La sicurezza nei posti di lavoro dipende da norme e cultura. Centrale è il ruolo dei lavoratori e degli Rls. Ma il jobs act ripristina il potere assoluto del padronato, a scapito di partecipazione e prevenzione.

La partecipazione all’assemblea nazionale degli Rls di Cgil Cisl Uil dello scorso 11 febbraio a Napoli è stata notevole. Se fosse solo questo il parametro di riferimento per quantificare la sensibilità, ramificata, sul tema della sicurezza sul lavoro, avremmo risolto il problema. Purtroppo sappiamo che non è così. La sicurezza sul lavoro è ancora molto distante da una matura sensibilità, necessaria a sviluppare una cultura collettiva centrata sulla prevenzione.

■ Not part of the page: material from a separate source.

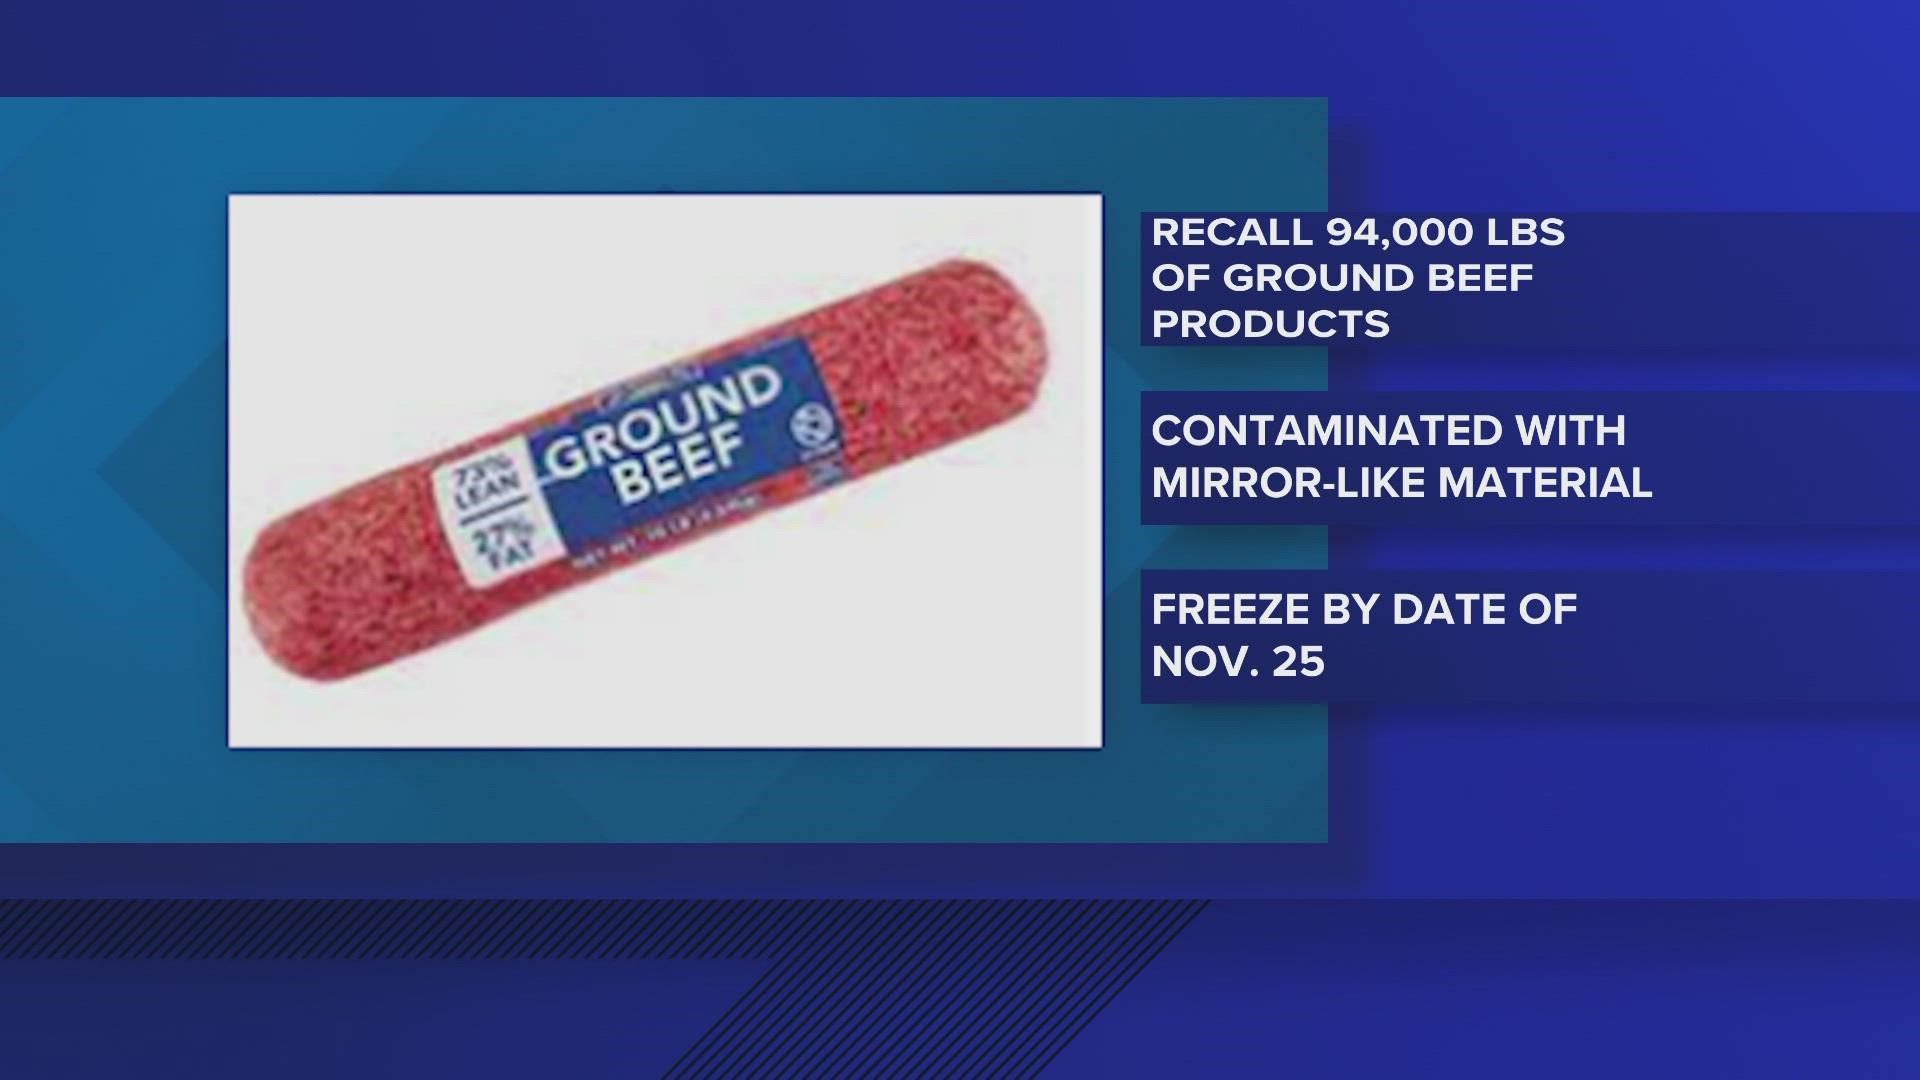 The Texas grocer says the products are specifically from the company's Amarillo facility.

Le statistiche ci consegnano un 2015 con oltre1.400 morti bianche, considerando tutte le morti sul lavoro, quindi anche quelle di chi non è assicurato Inail. La Campania è la seconda in questa terribile classifica dopo la Lombardia. Rimanendo ai dati Inail, ci sono stati 163 morti in più rispetto al 2014: una media di 98 vittime al mese, più di tre al giorno. C’è molto da fare, sia in termini di normative che di potenziamento degli organi di controllo e prevenzione nei luoghi di lavoro. Aspetti operativi che devono essere coordinati attraverso una regia nazionale, dato che non è sufficiente l’attuale operatività.

Accumuliamo dei notevoli ritardi sulla questione amianto, addirittura sulla fase della mappatura dei siti, mentre l’Italia è uno dei territori più contaminati. Come ricordava l’assemblea, è necessario affrontare l’argomento, avviare il piano nazionale amianto (Pna) attualmente fermo al tavolo della conferenza Stato-Regioni, a dimostrazione dell’insufficiente attenzione al tema da parte degli enti locali e nazionali.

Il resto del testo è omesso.